For the curious, I want to shed more light on the causes of the stability problems Second Life has experienced over the past four days. First, some background: the two facilities which currently make up the grid use encrypted IPSec tunnels (a form of VPN) to securely communicate with each other over the Internet. This is what allows, say, a simulator in Dallas to query our databases in San Francisco. Needless to say, if these tunnels don’t work, SL doesn’t work very well either.
On Wednesday, we experienced a failure wherein our primary bandwidth provider started dropping about 95% of our IPSec traffic bound from one site to another, but only for some of the tunnels. Other, non-IPSec, traffic was largely unaffected, and so this was a very difficult problem to diagnose and, crucially, get the provider to fix. While waiting for that, we started moving banks of simulators onto unimpaired tunnels. Once a good percentage of the SL was back up, we enabled logins, but didn’t get all the sims back up until the provider fixed the problem.
At 3AM on Thursday, we had trouble again and two failures actually overlapped. Our provider started dropping traffic again, with a different set of tunnels affected, and, around the same time, our largest tunnel failed entirely. This is apparently due to a bug in the router model we’re using, which the vendor believed was fixed but which, it seems, wasn’t really fixed. I still don’t have all the answers on that yet, but we’re now in the process of taking those routers out of service. It was several hours before the bandwidth provider fixed the traffic problem and we were able to get the failed routers back online.

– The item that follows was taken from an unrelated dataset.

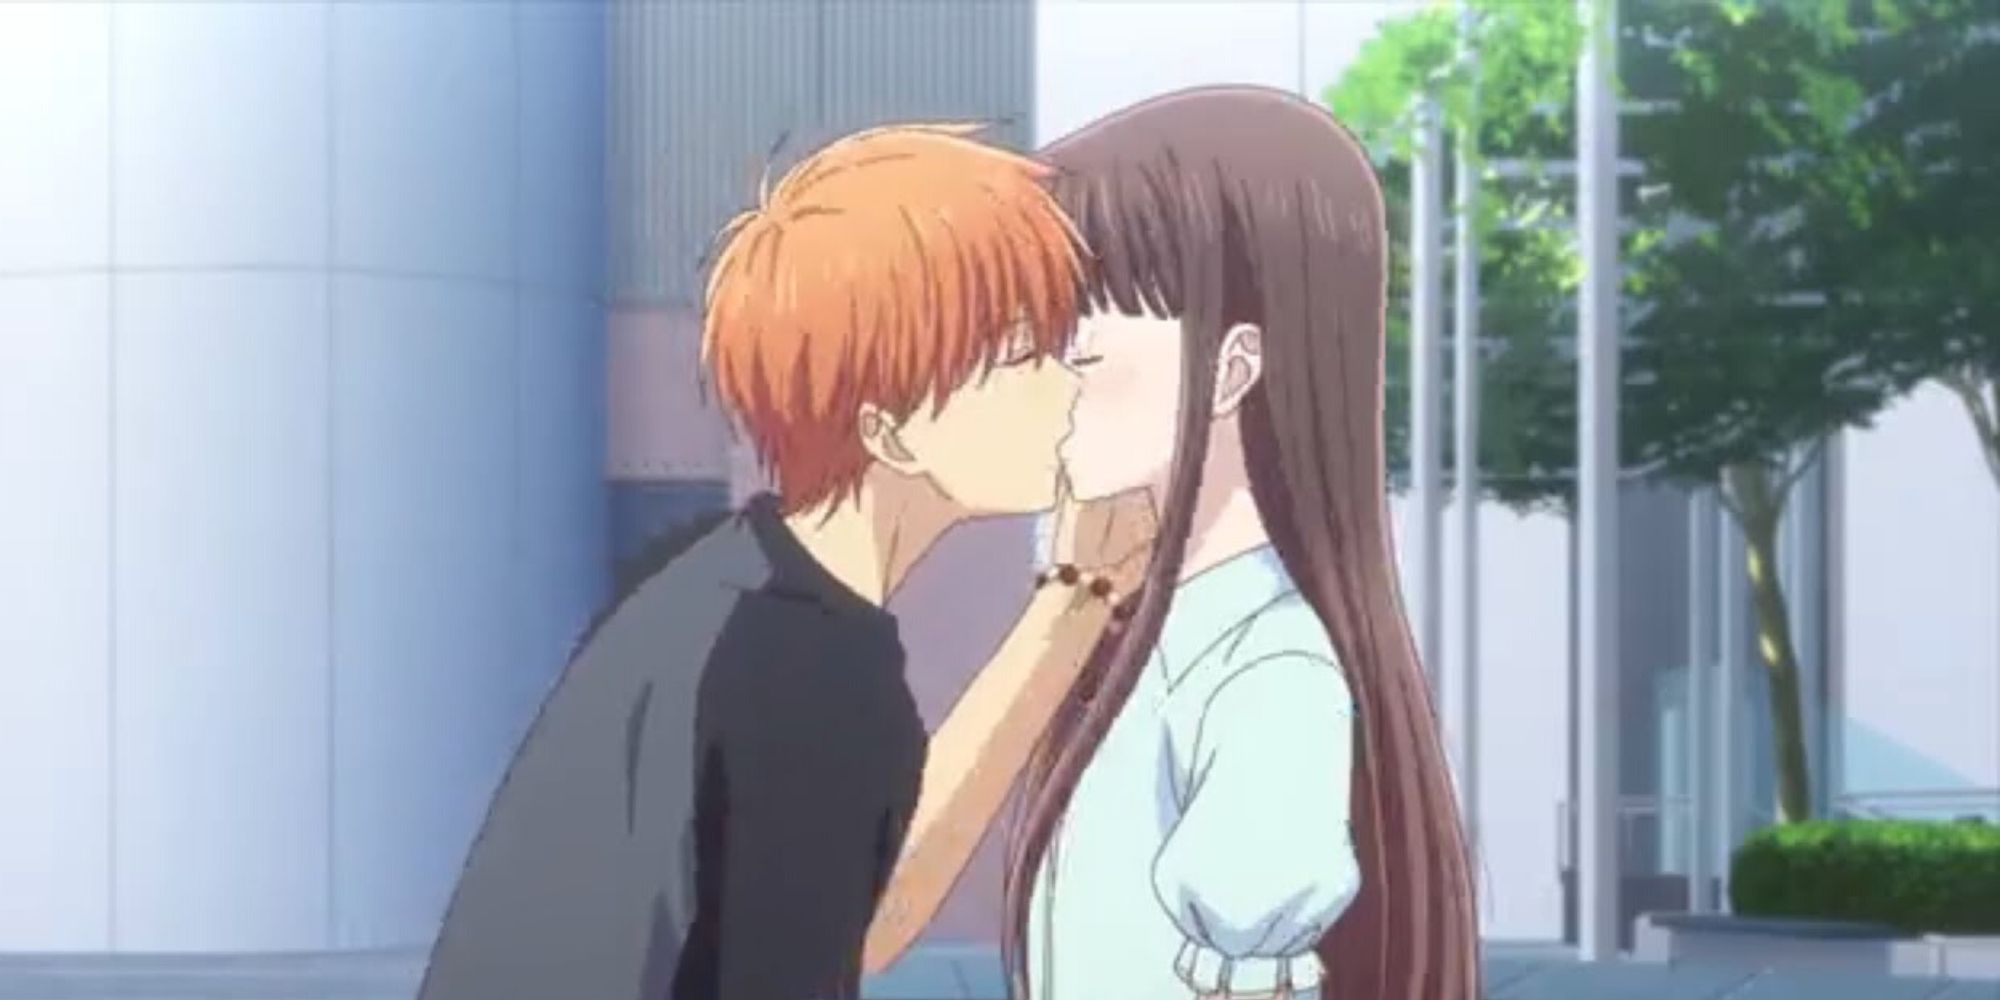 Pin by renko 08 on Romantic manga | Anime couples manga, Webtoon, Anime kiss  scenes

While all of this has been going on, and still today, a serious bug in the Second Life software is causing 5-minute lock-ups of the communication channel between simulators and our various databases. This is a difficult bug to describe, but essentially, we see a very tiny percentage of database queries stall indefinitely after returning their data. Our software notices after five minutes and re-starts the database client, but by then some number of queries have usually been lost. This causes affected sims to occasionally (or in a few cases regularly) experience inventory problems, search problems, transaction problems, the works. Without any code changes, the bug seems to have gotten more common over the past week; on Friday evening the engineers working on the problem identified a potential fix, which we’ll be testing over the weekend.
Finally, there was an unrelated problem Friday night: a disk drive in one of our databases failed in a peculiar way, which caused it to stay in service but perform far too slowly to keep up with load. (Normally drives which fail are automatically shut down by our RAID systems.) Logins and some residents’ inventory remained unreliable while we diagnosed the problem.
The end result is a pretty rough week for Second Life Residents, and I can only offer apologies for that. The good news is that we have many projects in the works which will help improve the reliability of SL. We’re working on new infrastructure which will help us withstand the failures above, as well as store and transmit data more reliably, and we’re working on reducing both client and server crashes. Several of these projects are new, thanks to our growing technical team. We’ll share more information on these efforts in the near future.